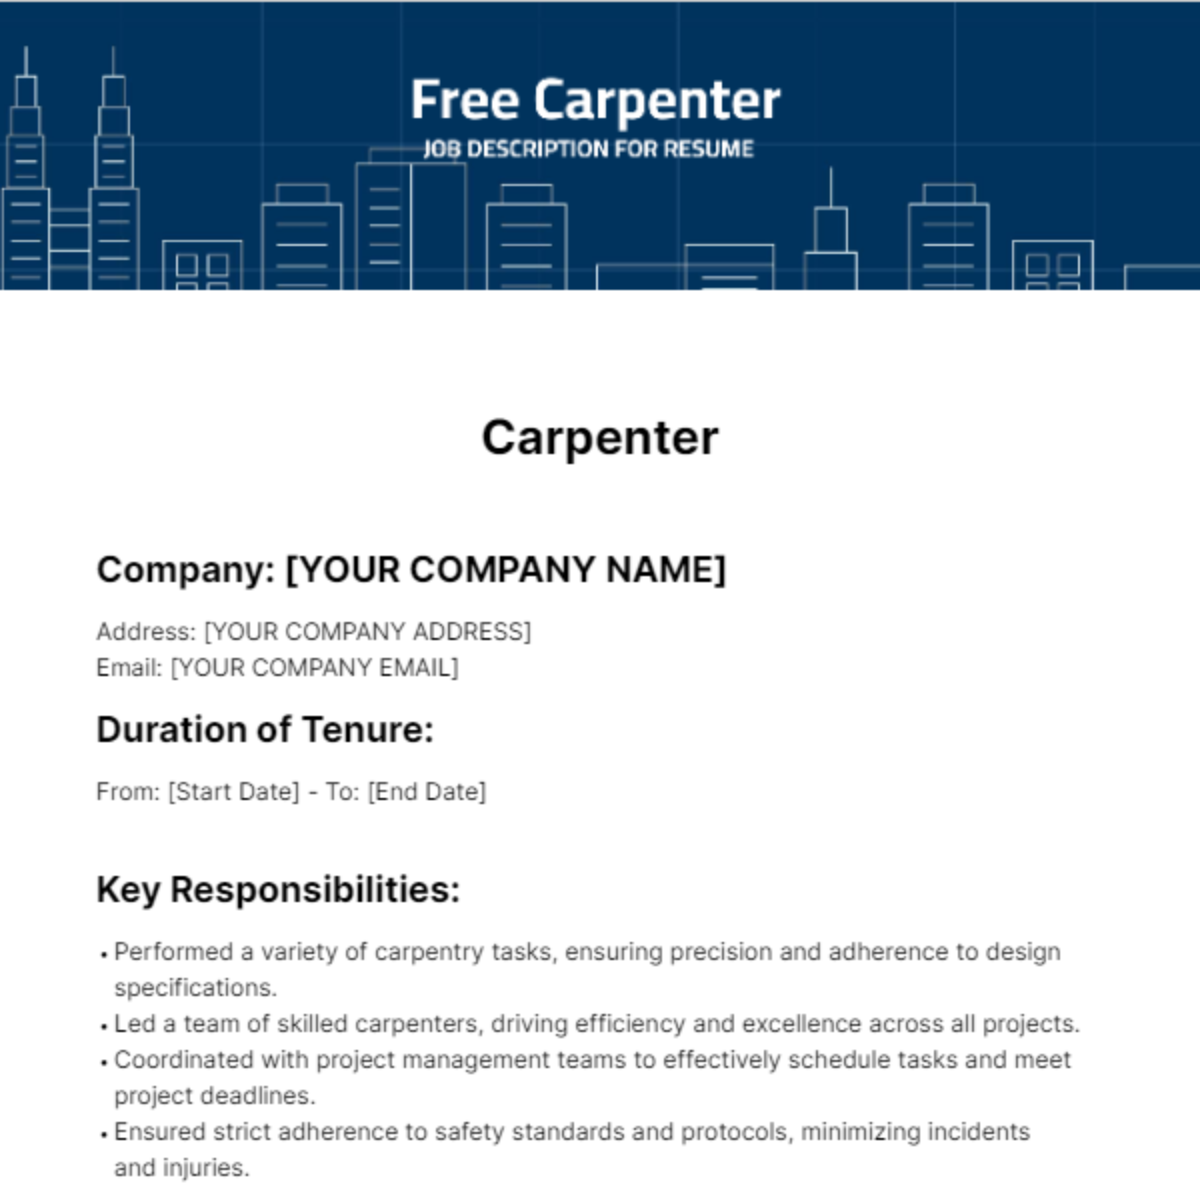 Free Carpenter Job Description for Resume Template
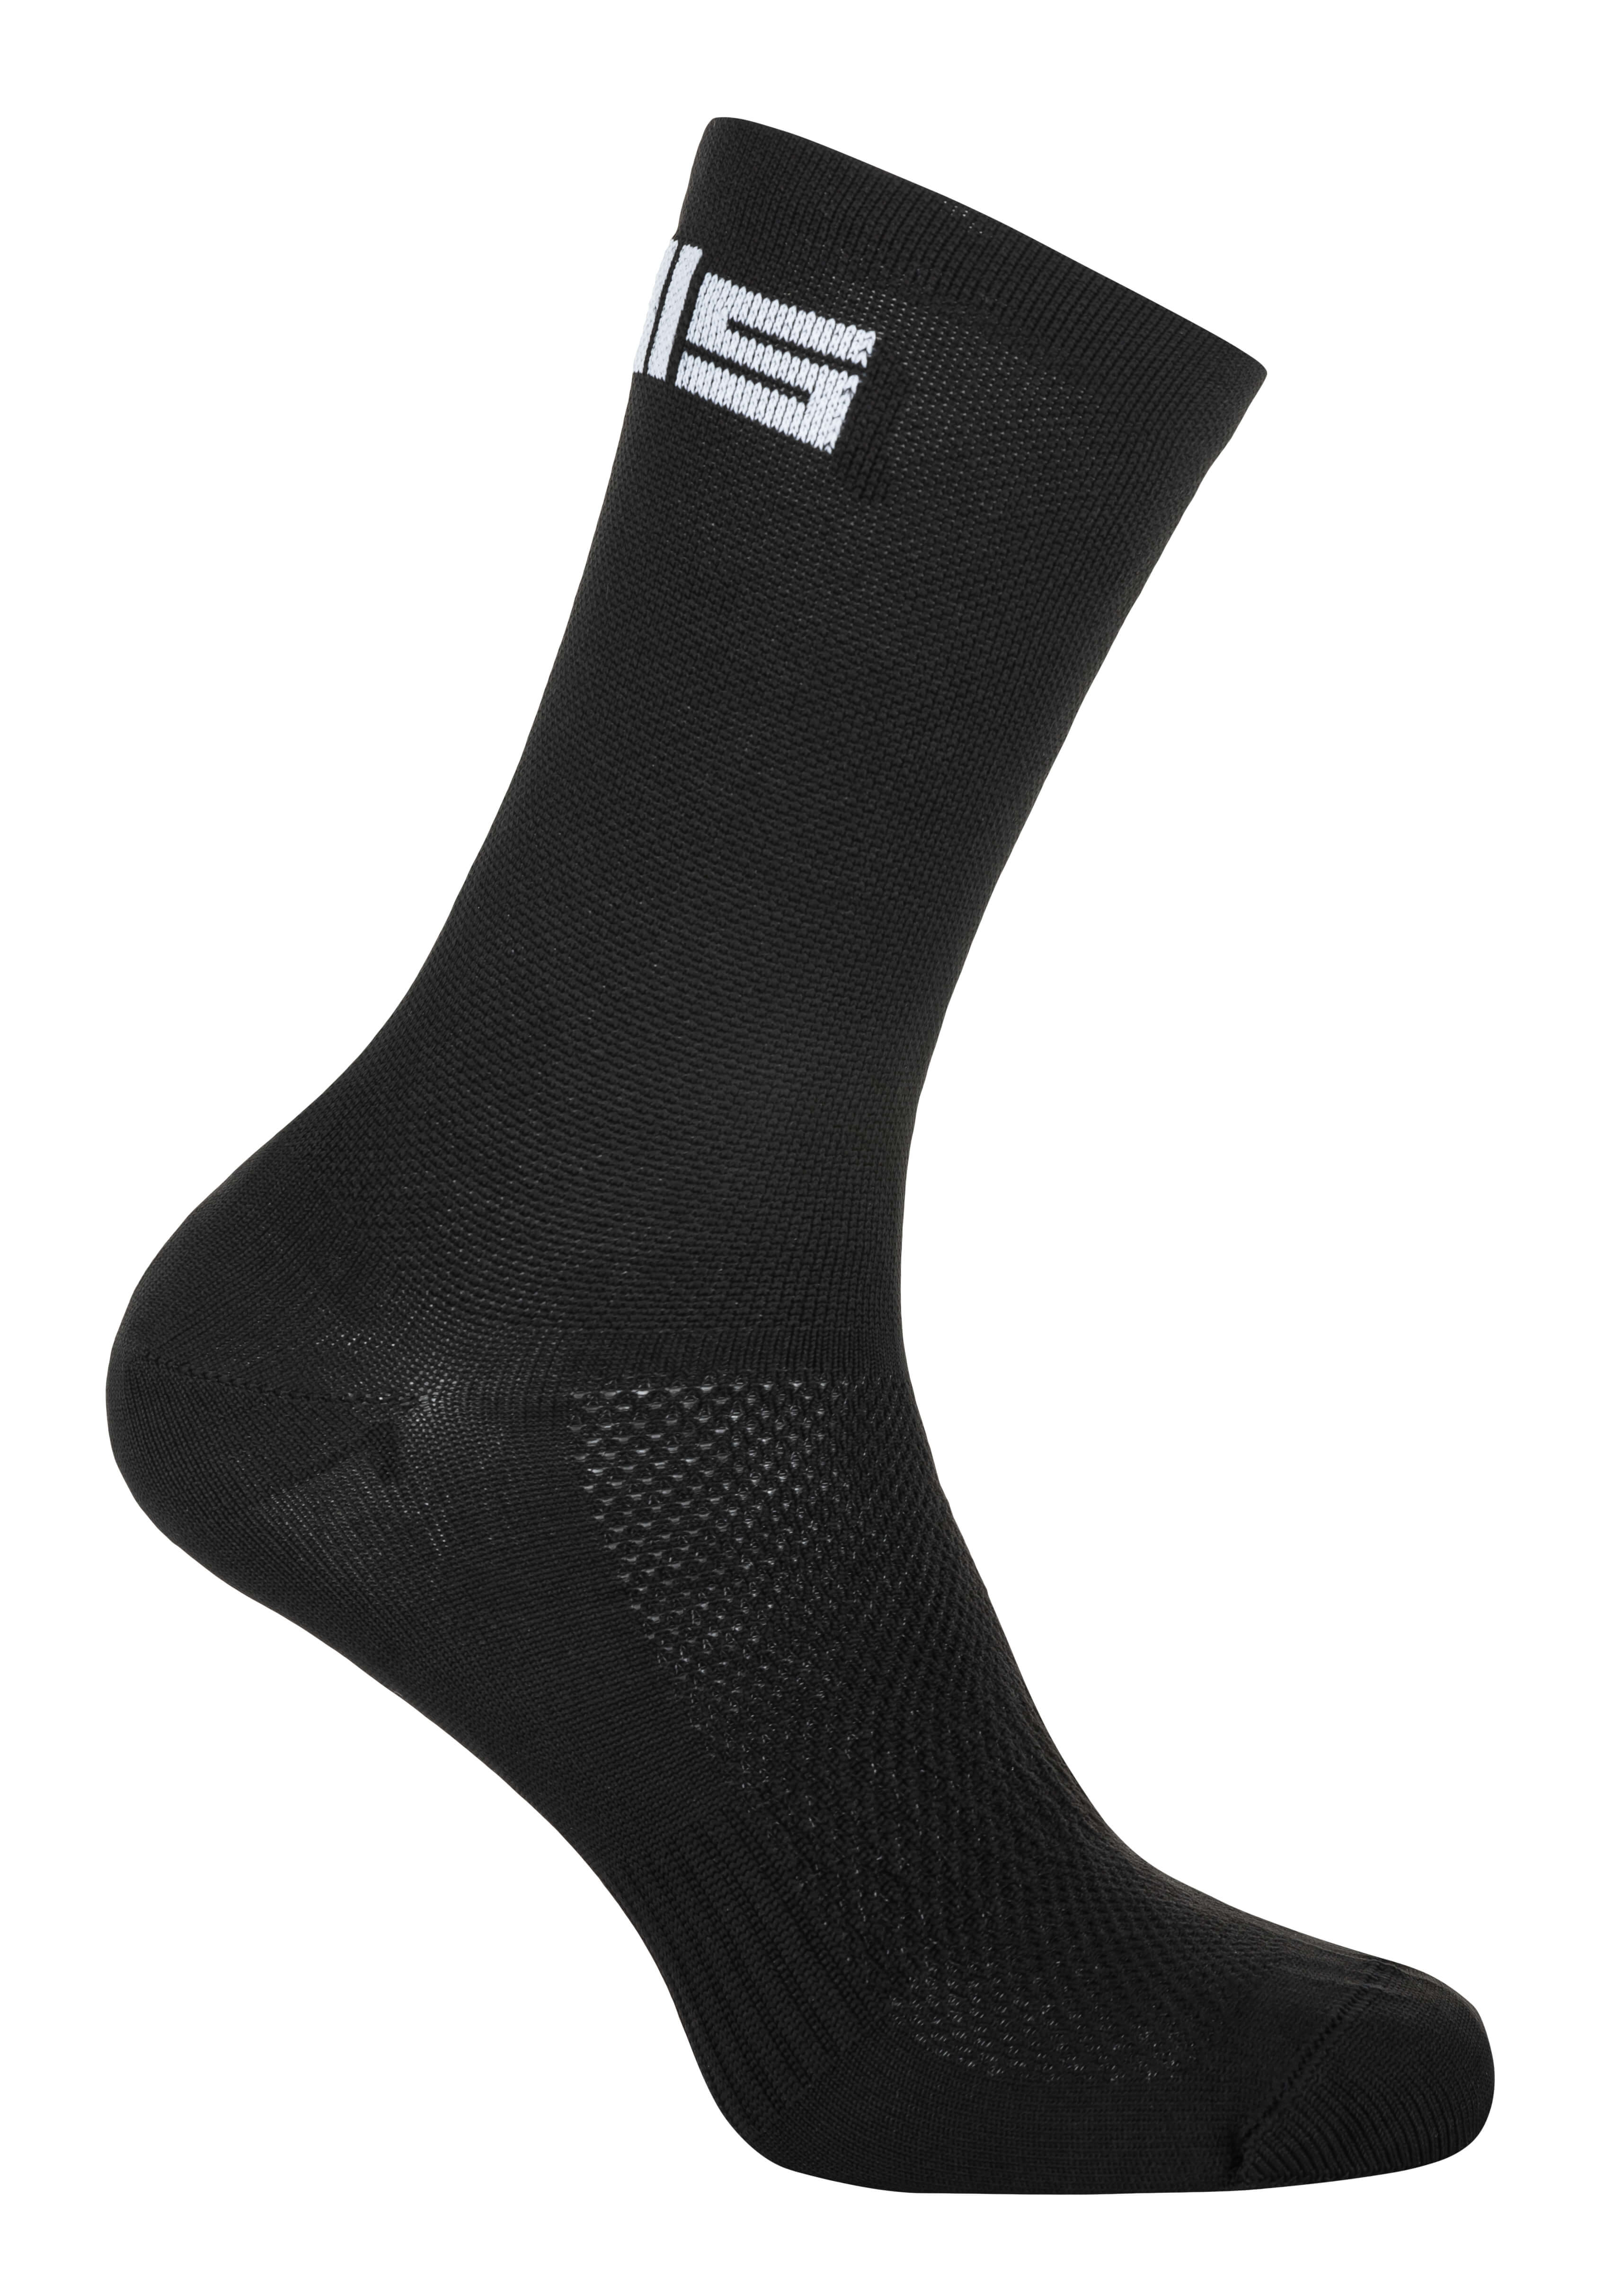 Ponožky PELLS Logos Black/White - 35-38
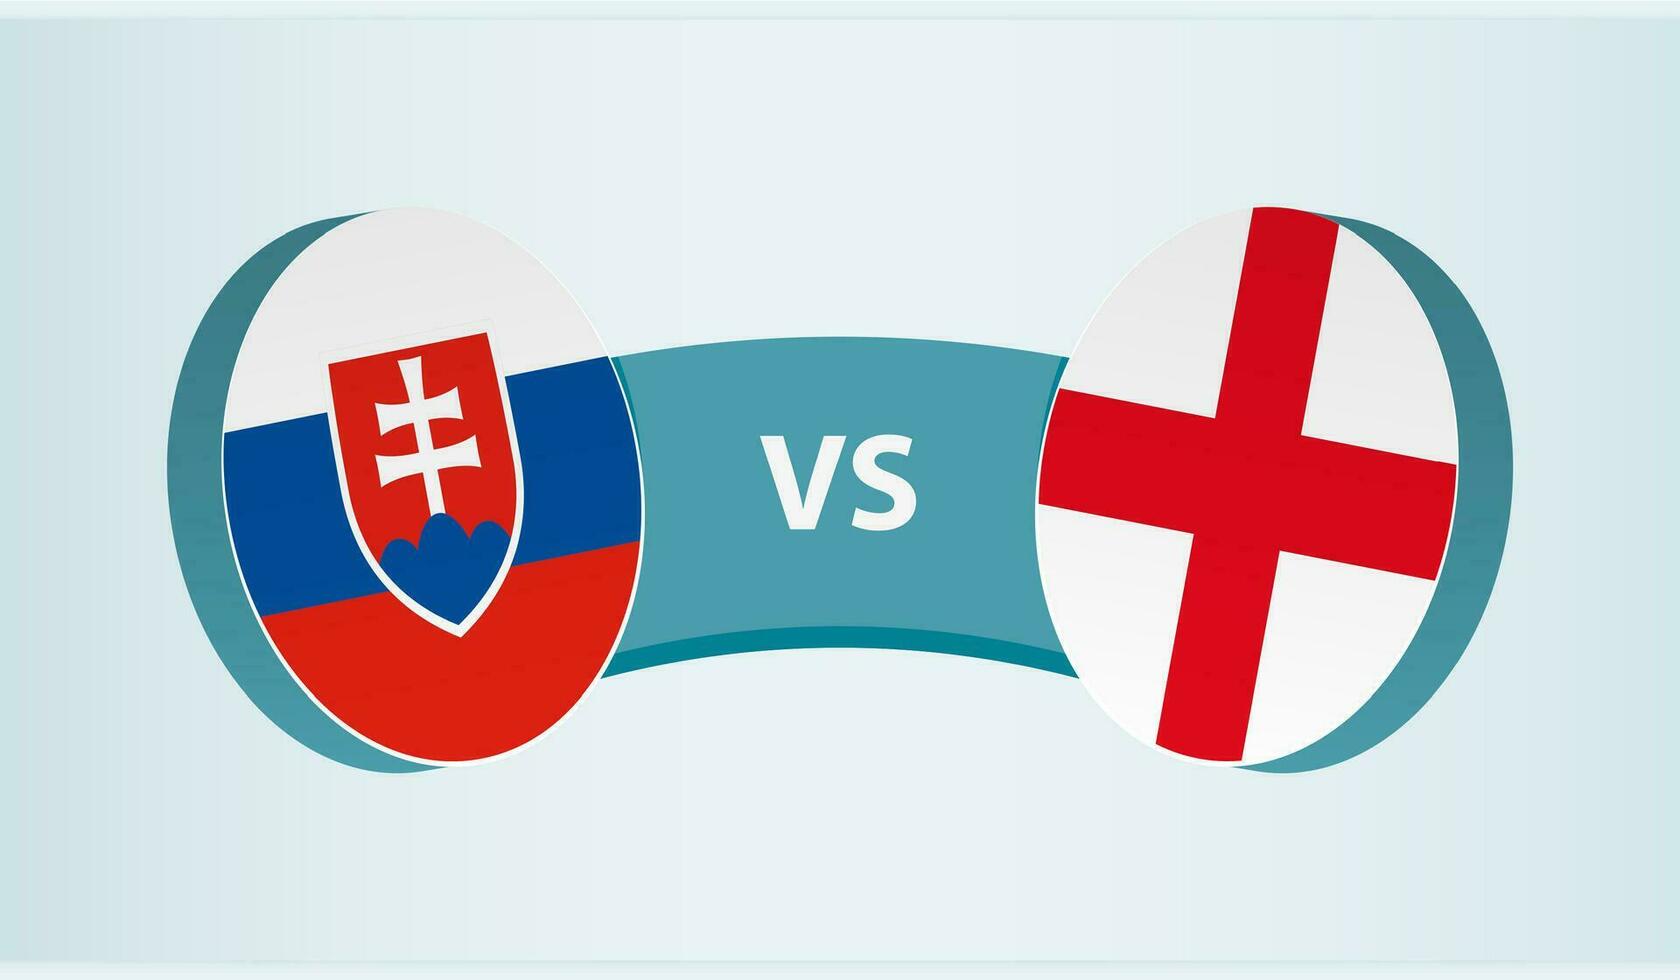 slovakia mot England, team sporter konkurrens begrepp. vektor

### Exercise goal
Reproduce the listing in full and exactly, excluding any pictures it holds.

### Final answer
 Free Carpenter Job Description for Resume Template
 Ponožky PELLS Logos Black/White - 35-38
 slovakia mot England, team sporter konkurrens begrepp. vektor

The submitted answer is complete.